Caediovascular and Respiratory reflexes: One of the most important cardiac reflexes is the instantaneous reflex control of arterial blood pressure (figure 5). Through adjusting the force and frequency with which the heart ejects blood into the arterial system and thus prevent a raised arterial blood pressure in systole, the baroreceptor reflex is vital for survival.
Figure 5: Schematic diagram of reflex control of cardiac output and peripheral resistance. Baroreceptors in the carotid sinus and aortic arch send information to the brainstem via sensory nerves. Appropriate alterations to parasympathetic and sympathetic activity are made in the medulla oblongata, where preganglionic neurons are located (with permission: www.wlkipaedia)

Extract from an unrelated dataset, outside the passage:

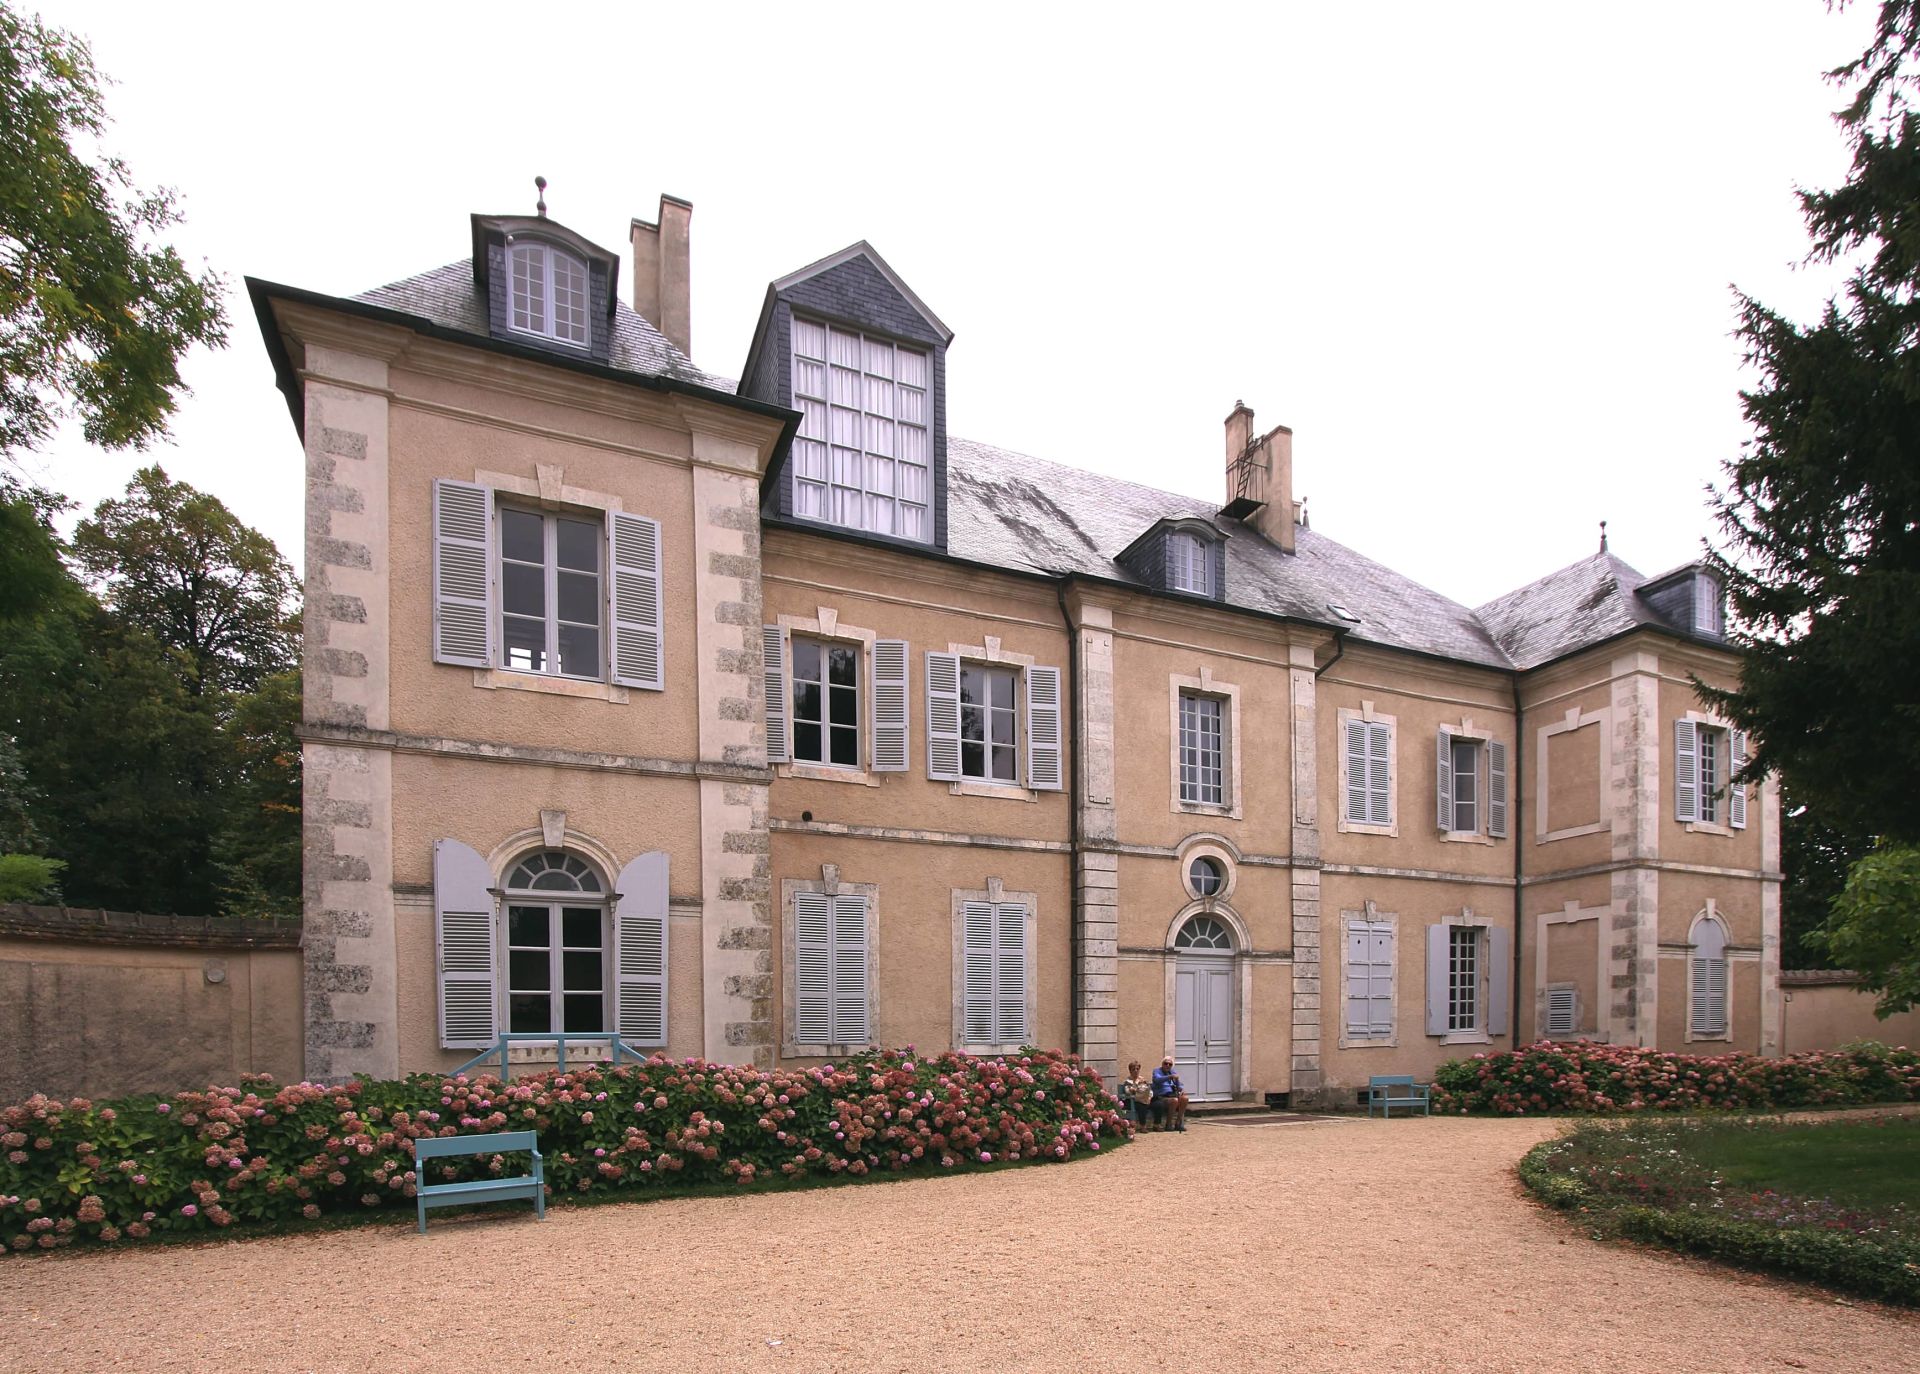 The House of George Sand

In 1852, Claude Bernard had discussed that the sympathetic nerves innervate the blood vessels of the skin of the rabbit in addition to its important role in thermoregulation. In the 19th century, Ludwig Traube and Karl Constantine Ewald Hering (figure 6) (1834-1918) discovered that blood pressure fluctuates synchronously with respiratory movements due to variations in vasomotor tone and, that inflating the lungs trigger the acceleration of the heart (Traube-Hering reflex). Sigmund Mayer also observed slow non- respiratory fluctuations of blood pressure. In 1921, Heinrich Ewald Hering (1866-1948), the son of Karl Constantine Ewald Hering found that stretch (baro) receptors are located in the carotid sinus demonstrated by the stimulation of the afferent glossopharyngeal nerve (CN IX) [21]. Through an inhibitory impulse to the cardio-inhibitory and vasomotor centres in the medulla oblongata, inhibition of the sympathetic outflow and stimulation of the parasympathetic outflow, bradycardia and hypotension are induced during increased arterial blood pressure (figure 5). Edgar Douglas Adrian in 1932 demonstrated that the sympathetic nerves that innervate the blood vessels discharge spontaneously at a rate of 4-6 per second which forms the physiological basis of the vasomotor tone. These cardiovascular reflexes were further advanced by Cornielle Heymans who won the Nobel prize in 1938. Later Cowley and Guyton produced sino-aortic denervation in dogs. They demonstrated the baroreceptor reflex involving the baroreceptors in the arch of the aorta innervated by the vagus (X) nerve and the fundamental importance in stabilization of blood pressure [20].
Figure 6: Karl Constantine Ewald Hering (1834-1918) (with permission: www.britannica.com)
Karl Constantine Ewald Hering at the German University in Prague, had supervised a year’s work by Josef Breuer (figure 7) which led to the classic paper on the control of breathing through the vagus nerves [21]. In the Hering-Breuer inflation reflex (figure 8) in 1868 [22], inflation of the lungs produce the usual inhibition of inspiration. Thus it is a reflex triggered to prevent the over-inflation of the lung. Josef Breuer (1842-1925) had shown that inflation of the lungs inhibits and deflation stimulates inspiration (the inflation and deflation Hering- Breuer reflexes), thus establishing the mechanism of the vagal reflex control of the pattern of breathing. Pulmonary stretch receptors present on the wall of bronchi and bronchioles respond to excessive stretching of the lung during large inspirations. Once activated, they send action potentials through large myelinated fibres of the vagus nerve to depress the inspiratory centres in the medulla and withdrawal of outgoing impulses to respiratory muscles and thus allow expiration to occur [23].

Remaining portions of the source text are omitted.